Я говорил, вернее, уже кричал, что машина сгорела, повторяя одно и то же, пока в комнату не вошел моложавый полковник. Капитан тут же принял стойку "смирно". Я понял, что пришел его начальник.
— Лейтенант, если вы правы, вас никто не обидит. Успокойтесь и расскажите, что произошло вчера. Толково, я объяснил, что случилось.
— Чья сводка о танке? — спросил он капитана.
— Авиационного разведывательного корректировщика, товарищ полковник!
— Проверить! Возьмите лейтенанта, солдата из службы охраны и проверьте лично, на передовой.
Вечером того же дня капитан, я (мне вернули только погоны и ремень) и сержант с автоматом двинулись по уже пройденному мною маршруту к передовой. Прибыв в расположение знакомой стрелковой роты, переговорив с командиром и его бойцами, капитан из "СМЕРША" понял свою ошибку. Но мои обвинения, видимо, здорово задели его самолюбие. Он все-таки решил проползти ночью по наспех расчищенному от мин коридору на нейтральную полосу и лично в бинокль рассмотреть танк.
Поползли вместе. Перед этим кто-то предложил привязать к ноге каждого крепкую альпинистскую верёвку, чтобы с её помощью, если потребуется, быстро затянуть капитана и меня обратно в траншею. Так и сделали.
Несмотря на сумрачный рассвет, в бинокль хорошо было видно вывалившееся днище танка, стоявшие вкось катки машины, порванные гусеницы. Надо было возвращаться. Капитан дернул свою веревку, его тут же поволокли в траншею. Дернул веревку и я. Широкий кирзовый сапог соскочил с ноги и уехал вслед за капитаном.
"Эх, семи смертям не бывать, а одной не миновать",— подумал я и, размотав мешавшую теперь портянку, бросился бежать к своим. Выстрелов не слышал.
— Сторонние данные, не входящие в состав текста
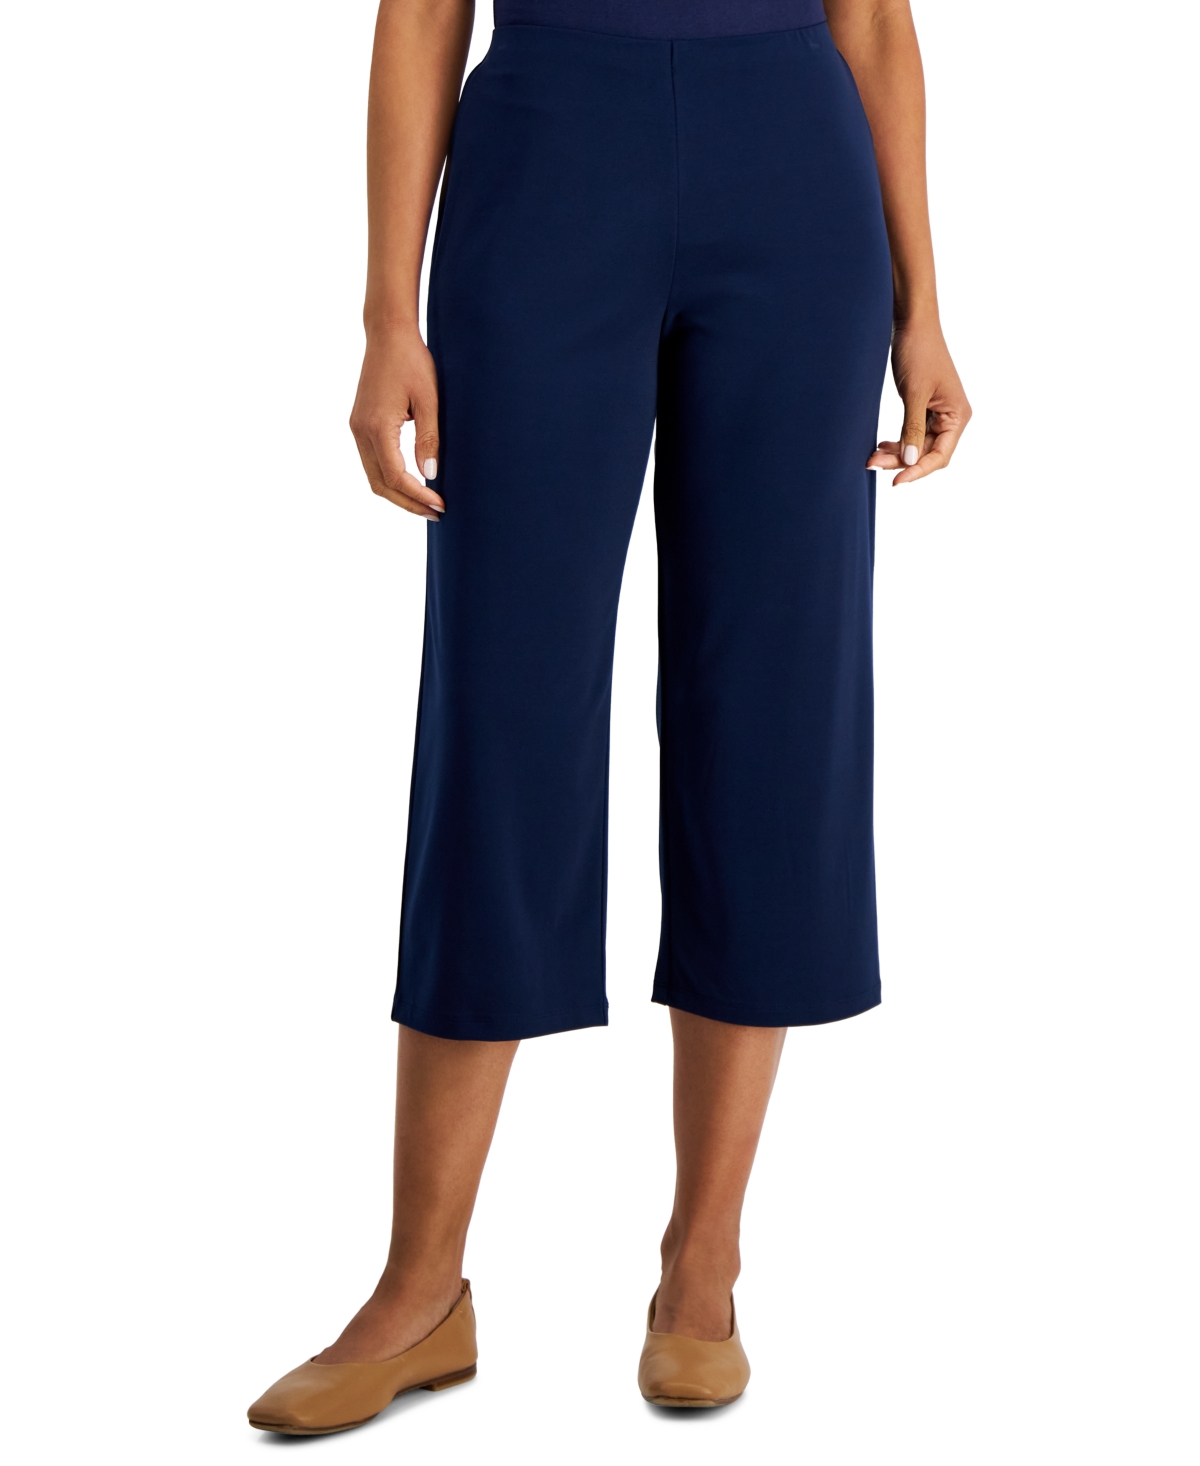 Jm Collection Petite Solid Knit Cropped Pants, Created For Macy's In Intrepid Blue

На обратном пути капитан пытался со мной помириться, установить товарищеский контакт, но после перенесенной обиды я отмалчивался или отвечал односложно.
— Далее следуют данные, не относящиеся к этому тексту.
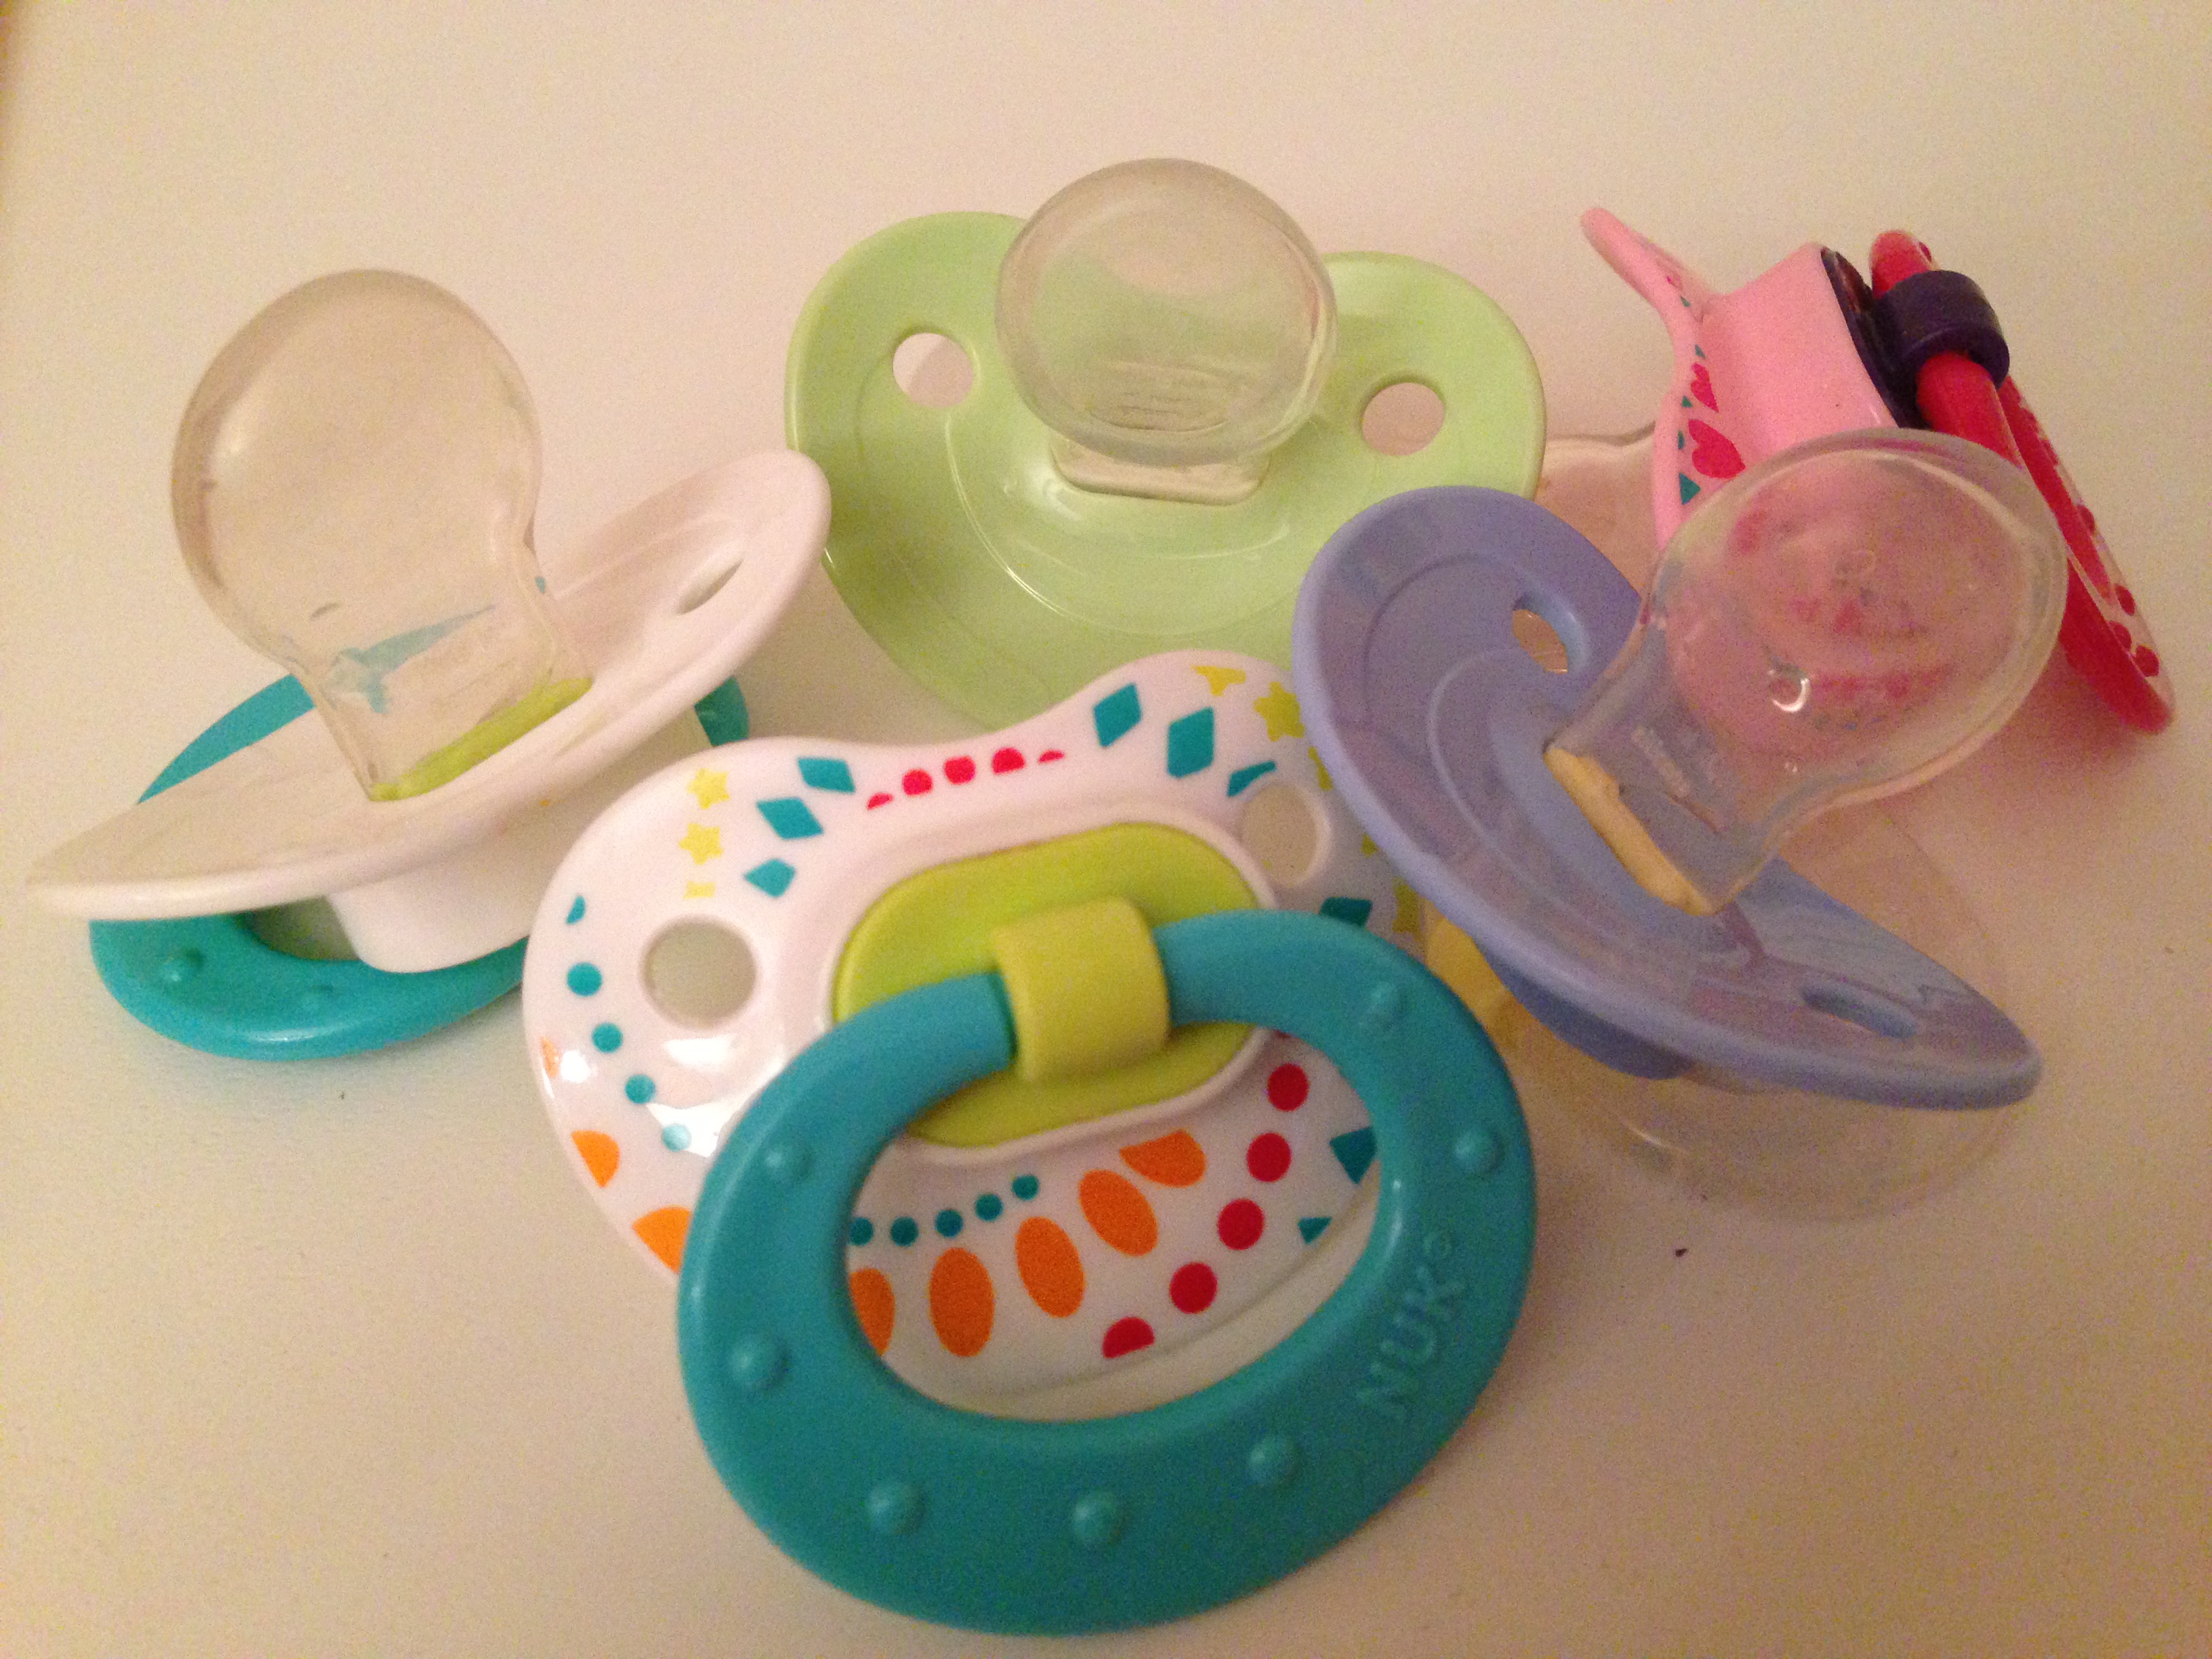 baby gift products

К чести капитана в присутствии полковника и всех, кто слышал о нашей первоначальной беседе, он извинился передо мной, сказав, что был не прав, преждевременно обвинив меня в трусости и преступлении. Я попросил его позвонить в батальон и сообщить о благополучном исходе дела. Дружеское и теплое отношение к тебе товарищей по оружию среди фронтовиков всегда было дорого.
Вернули парабеллум и наган. Вдруг у меня возникла озорная мысль,
— Товарищ полковник, есть у меня трофейная вещица, которую хотелось бы подарить Вам за объективность,— сказал я.— Капитан при аресте не взял её у меня, почему — не знаю.— С этими словами я достал из верхнего кармана гимнастерки дамский вальтер, положил его на стол перед полковником и попросил разрешения отбыть в свой батальон.
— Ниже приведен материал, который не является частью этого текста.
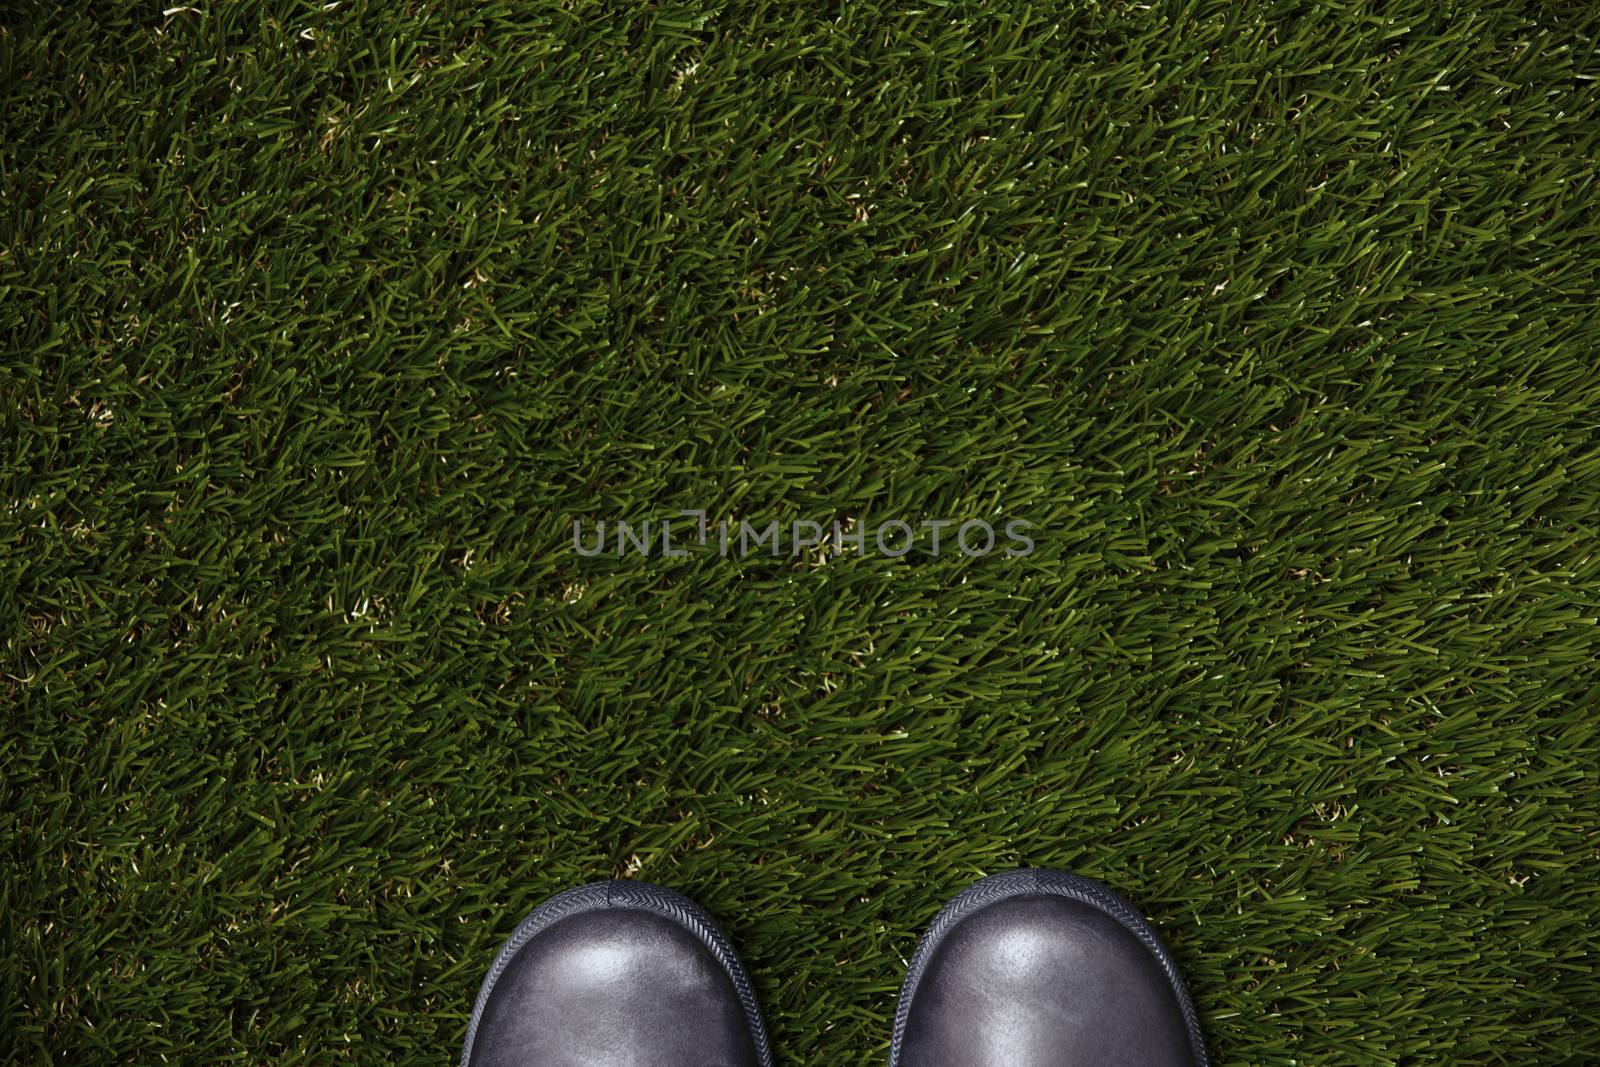 Boots on a grass by Novic

В расположении части меня ждал командир батальона майор Пименов. Он участвовал в боях на Халхин-Голе, воевал в финскую, с начала Великой Отечественной почти безвылазно находился на фронте. У него было несколько боевых наград, а за последний танковый рейд по тылам противника его представили к званию Героя Советского Союза. Танкисты его любили и уважали, ну а для меня он был просто кумиром.
В землянке комбата я увидел по-царски накрытый стол: американская ветчина, тушенка, сало, нарезанное тонкими ломтиками. Посреди этого изобилия красовалась настоящая довоенная бутылка хлебной водки. Теперь уже от теплых чувств, от пережитого у меня глаза снова покраснели.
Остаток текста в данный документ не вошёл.